**Your goal**
Only lines that contain the word "Stock" belong in the answer; copy them from the records below.
(Data listing Opens)
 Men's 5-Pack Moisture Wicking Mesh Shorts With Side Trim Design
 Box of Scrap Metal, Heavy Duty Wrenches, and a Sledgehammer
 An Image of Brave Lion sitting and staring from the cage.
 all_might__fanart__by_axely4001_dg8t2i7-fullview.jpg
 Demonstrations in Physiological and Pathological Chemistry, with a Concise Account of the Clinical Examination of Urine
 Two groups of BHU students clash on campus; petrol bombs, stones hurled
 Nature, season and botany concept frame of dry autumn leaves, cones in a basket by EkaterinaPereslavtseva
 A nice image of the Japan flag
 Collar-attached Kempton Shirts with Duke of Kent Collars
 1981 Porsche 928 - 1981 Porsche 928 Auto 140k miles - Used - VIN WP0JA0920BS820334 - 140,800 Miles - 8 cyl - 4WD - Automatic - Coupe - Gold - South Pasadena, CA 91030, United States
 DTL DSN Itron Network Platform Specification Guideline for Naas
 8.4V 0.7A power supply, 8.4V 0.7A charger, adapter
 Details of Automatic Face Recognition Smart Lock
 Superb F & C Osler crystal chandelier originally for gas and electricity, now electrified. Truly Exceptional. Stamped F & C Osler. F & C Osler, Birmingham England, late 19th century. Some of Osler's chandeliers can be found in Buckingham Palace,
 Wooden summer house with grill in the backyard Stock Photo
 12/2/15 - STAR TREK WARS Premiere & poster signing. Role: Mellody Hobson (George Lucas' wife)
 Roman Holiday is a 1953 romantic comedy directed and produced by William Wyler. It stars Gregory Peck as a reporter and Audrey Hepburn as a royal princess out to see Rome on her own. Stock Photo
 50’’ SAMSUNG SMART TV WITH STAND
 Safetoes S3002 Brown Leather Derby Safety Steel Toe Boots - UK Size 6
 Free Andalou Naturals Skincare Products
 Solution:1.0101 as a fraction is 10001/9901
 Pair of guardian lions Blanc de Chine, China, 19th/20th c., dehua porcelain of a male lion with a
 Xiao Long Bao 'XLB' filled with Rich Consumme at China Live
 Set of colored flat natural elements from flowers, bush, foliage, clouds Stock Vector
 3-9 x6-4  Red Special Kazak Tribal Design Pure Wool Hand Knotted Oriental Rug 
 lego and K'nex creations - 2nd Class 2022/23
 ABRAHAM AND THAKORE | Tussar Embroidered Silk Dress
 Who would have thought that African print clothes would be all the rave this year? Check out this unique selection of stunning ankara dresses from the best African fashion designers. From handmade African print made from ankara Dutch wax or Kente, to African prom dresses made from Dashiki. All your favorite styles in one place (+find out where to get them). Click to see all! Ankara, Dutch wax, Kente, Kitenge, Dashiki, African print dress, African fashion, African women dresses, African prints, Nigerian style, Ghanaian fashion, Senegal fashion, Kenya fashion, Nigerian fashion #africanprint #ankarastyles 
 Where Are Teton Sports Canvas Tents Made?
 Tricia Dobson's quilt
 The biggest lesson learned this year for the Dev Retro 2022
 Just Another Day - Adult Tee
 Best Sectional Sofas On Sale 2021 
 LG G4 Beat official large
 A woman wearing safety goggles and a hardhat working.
(Data listing Closes)
**Expected answer**
 Wooden summer house with grill in the backyard Stock Photo
 Roman Holiday is a 1953 romantic comedy directed and produced by William Wyler. It stars Gregory Peck as a reporter and Audrey Hepburn as a royal princess out to see Rome on her own. Stock Photo
 Set of colored flat natural elements from flowers, bush, foliage, clouds Stock Vector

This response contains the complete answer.